Sunday, December 11, 2005

Great Experiences of Life, Part 1: Relational Heartbreak

Christians do not simply see God's goodness in Sunday School lessons and touching devotional lessons. We see God's goodness in the collective experiences that together comprise our lives. God is not simply good when we feel good about what's happening to us. We see goodness in times when we feel quite the opposite. Unlike the perpetually optimistic brand of Christianity some espouse, biblical Christianity reads into all of life the sovereign working of God to shape His people and reflect His glory. This fascinating process involves hardship, heartbreak, exultant joy, static numbness, and all else that comes upon us as shades of a prism.
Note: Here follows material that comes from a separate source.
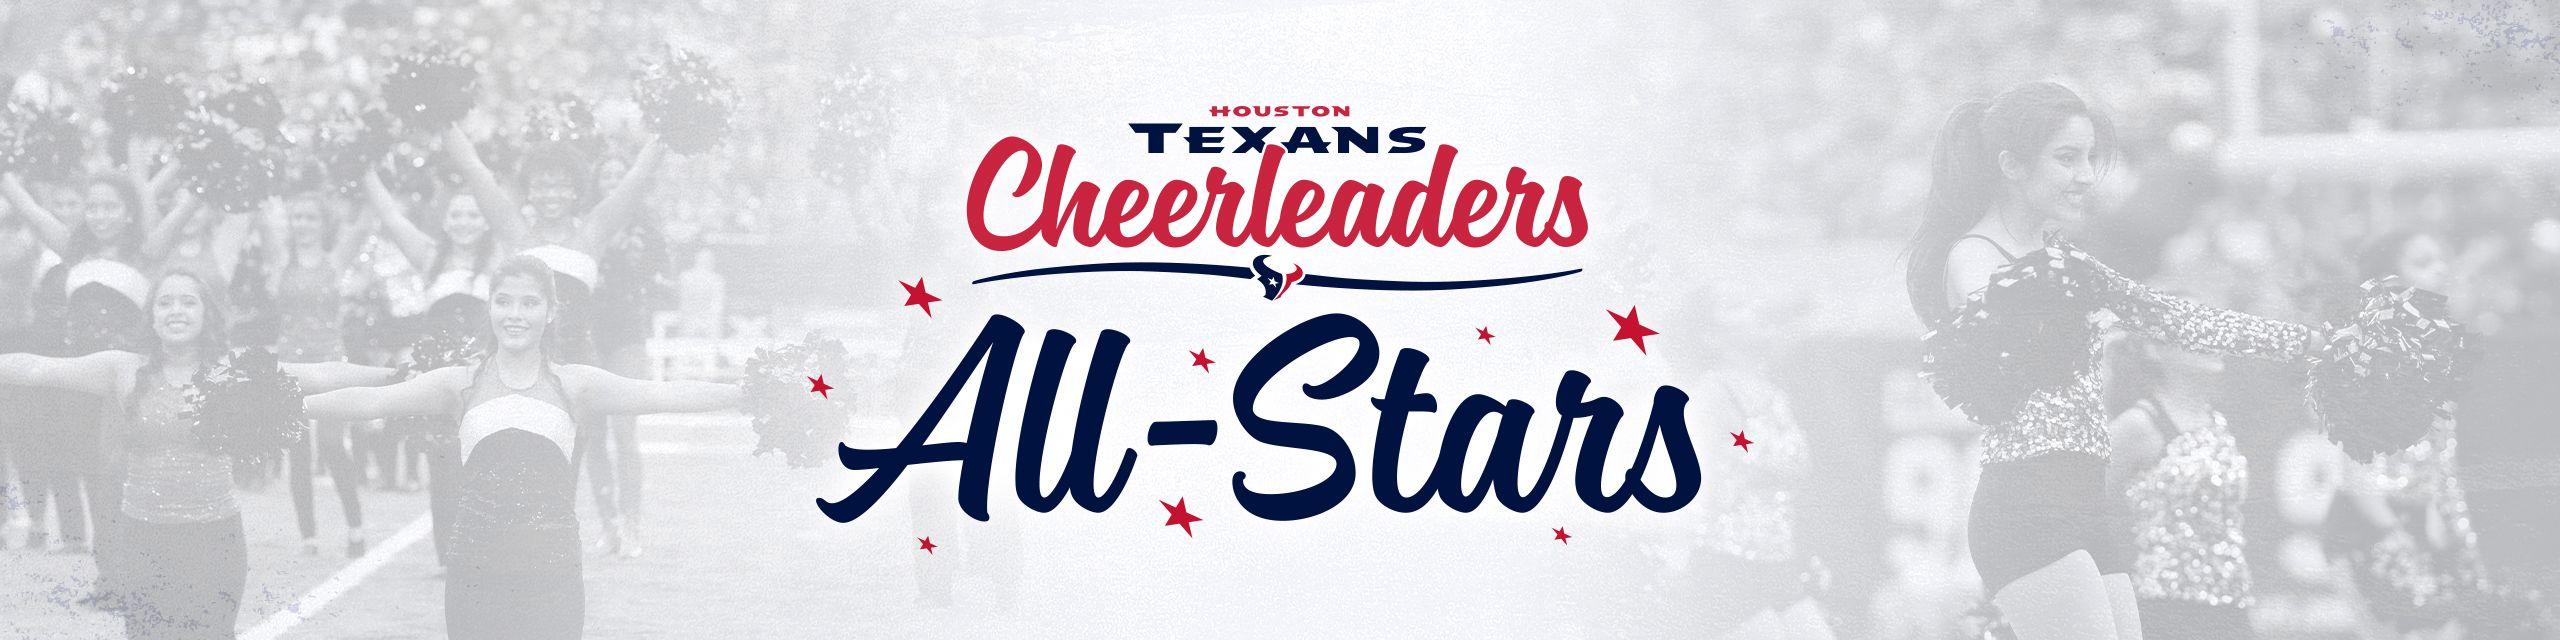 All-Star Cheerleaders

In this new series, I'm going to explore a number of these experiences and talk first about how we go through them and then how they represent, regardless of their first appearance, the goodness of God woven into our lives. This discussion will obviously center in my personal life (with little detail) but will share much, I'm guessing, with the experiences of many.

First up is relational heartbreak. We've all had it. Why do I call it one of the "great experiences" of life? Because it is cathartic. Relationships have a funny way of involving all our faculties. First, we are charged through with great emotion, seemingly unstoppable, that steals our sleep and invades our concentration. Second, we use rationality to consider our intended flame. What kind of thinker is she? Does she like sports? Is she coldly calculating or emotionally driven? Third, we taste something of the spiritual as we ponder the giving away of ourselves to another. What sort of union must this be? Surely it goes far beyond a shared house and set of goals. There is a deeper reality to relationships than just the emotional, and just the rational. Clearly, they are complex undertakings.
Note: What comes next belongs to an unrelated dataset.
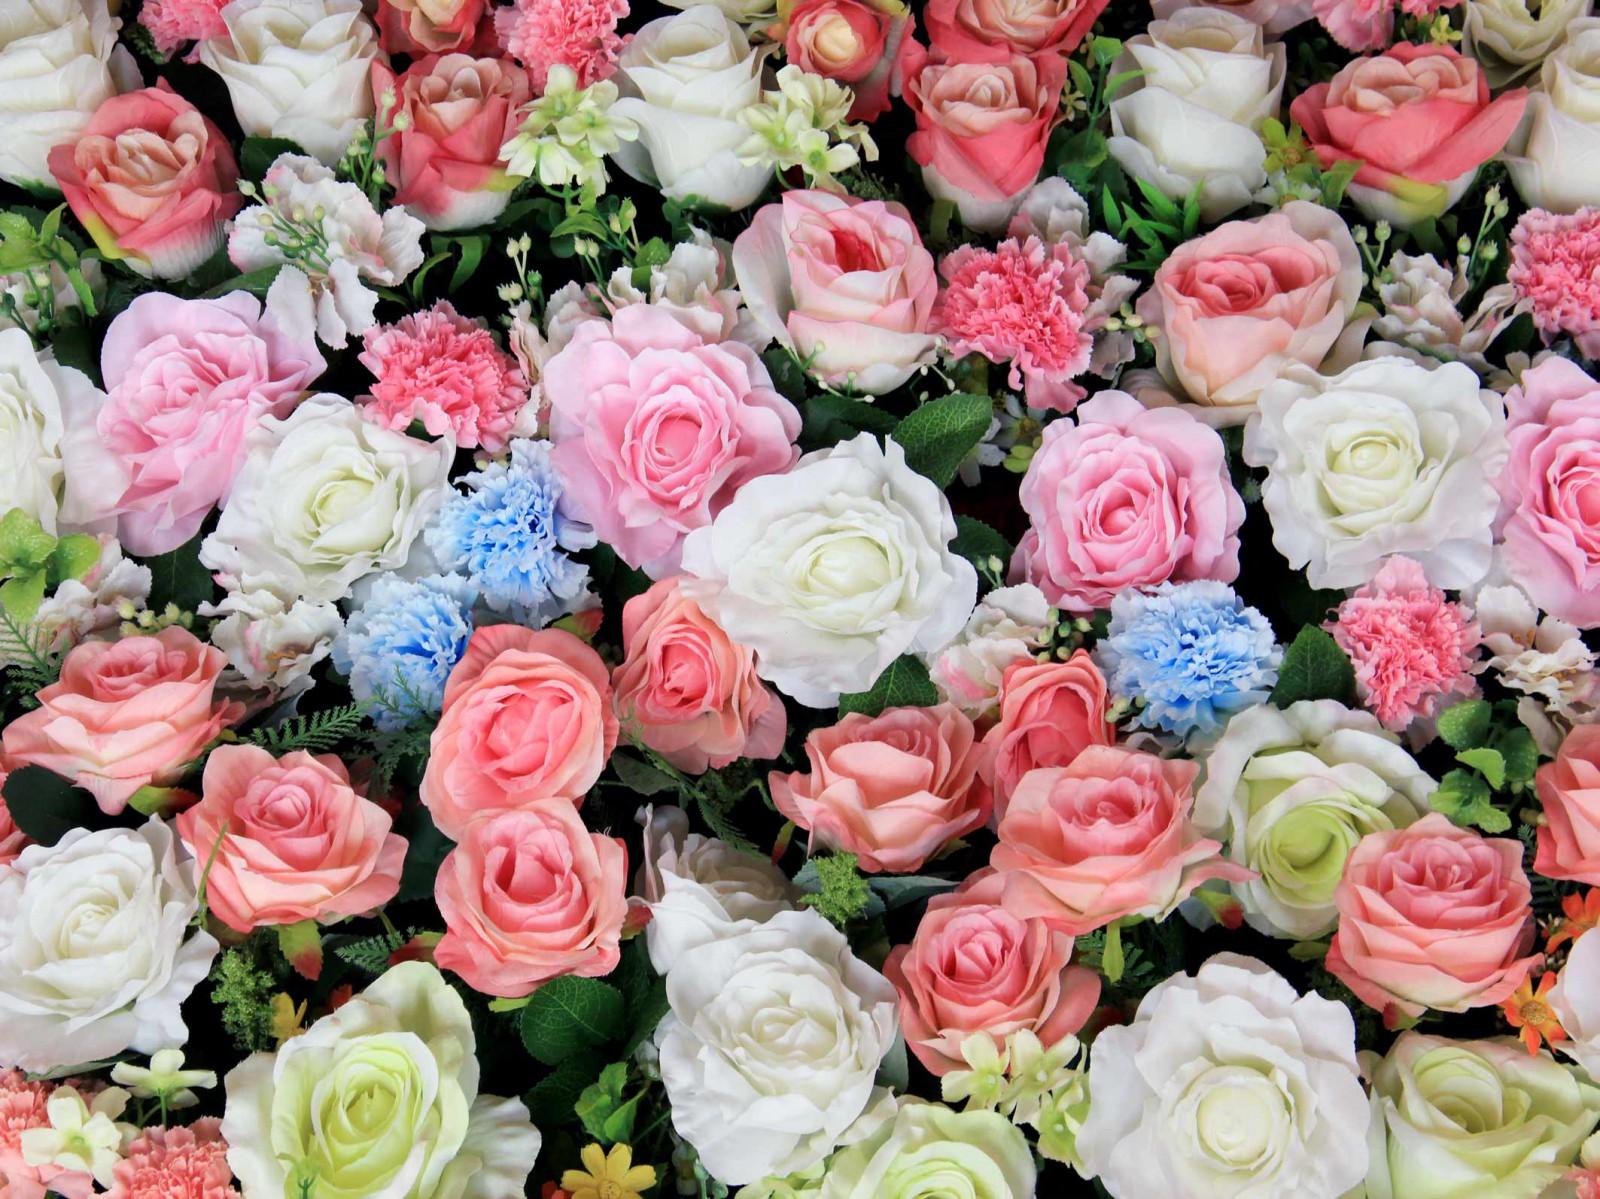 xl fototapete tapete blumen floral rosen natur. Black Bedroom Furniture Sets. Home Design Ideas

How impactful, then, is heartbreak. All three of the above components come crashing down, mixing together to form one big glob of hurt. Emotionally, we are seared as with fire. Hours and hours invested in the other person. Those moments we allowed ourselves to dream freely of the future, if only for a few, are now dashed, necessarily shoved away from our mind before it has time to know what has happened. And our rational selves. How we strive to see the flaw we missed, the hangup we excused away, the divergent pathway we swore was our own. Spiritually, the connection is broken. There will be no union with this one, no discovering of the mystery of two as one. No, we are emotionally drained, rationally frustrated, and alone in the kitchen, or the dining room, or the gathering. Alone with our thoughts, no matter how much activity swirls around us. Those who are just a phone call away are somehow much more distant, as far from us as the movie actors we see on screen. They are part of our world, yes, but they are not. We cannot truly know them, nor they us. Heartbreak is a powerful thing.

There is such tremendous good in heartbreak. God's goodness is all through it. In it, we find our inadequacy, that deep insufficiency we must dig to discover. We pad our fragile hearts with accomplishments and accolades and compliments and self-manufactured statistics and end up like the hypothermic swimmer with ten layers on: well padded but fundamentally weak. Heartbreak takes us by the neck and shows us hard-core that we are so insufficient, that we are not really the all-star we think we are, that we're just foolish people doing the best we can in a foolish world. We don't have it all figured out. We can't play it all right. We're just as confused as the next guy. In the face of heartbreak, there's no pretending. In fact, there's no ability to pretend.

Beyond this, though, well beyond this, is the overpowering grace of God that comes clear in our sight in the midst of heartbreak. So we tried. We gave it our best shot. It's all a mess now. Well, you know what? That's okay. God prevails. God exists. God is here. God is in this. We're in the dust, Job-like, with only our hurt for company, and then we look up, and we see very Sovereignty Himself. He's near us, with us, and He has come to bring solace and healing. What sweetness it is to experience this in a hard time. Heartbreak magnifies the goodness of God, clears it all away, and leaves us alone with God. It is cathartic, involving all of our being, and it sweeps over us, leaving us changed for the duration. There is goodness in it, directing, shaping, molding goodness that reforms us by the same hands that bring us pain. Heartbreak is a great life experience.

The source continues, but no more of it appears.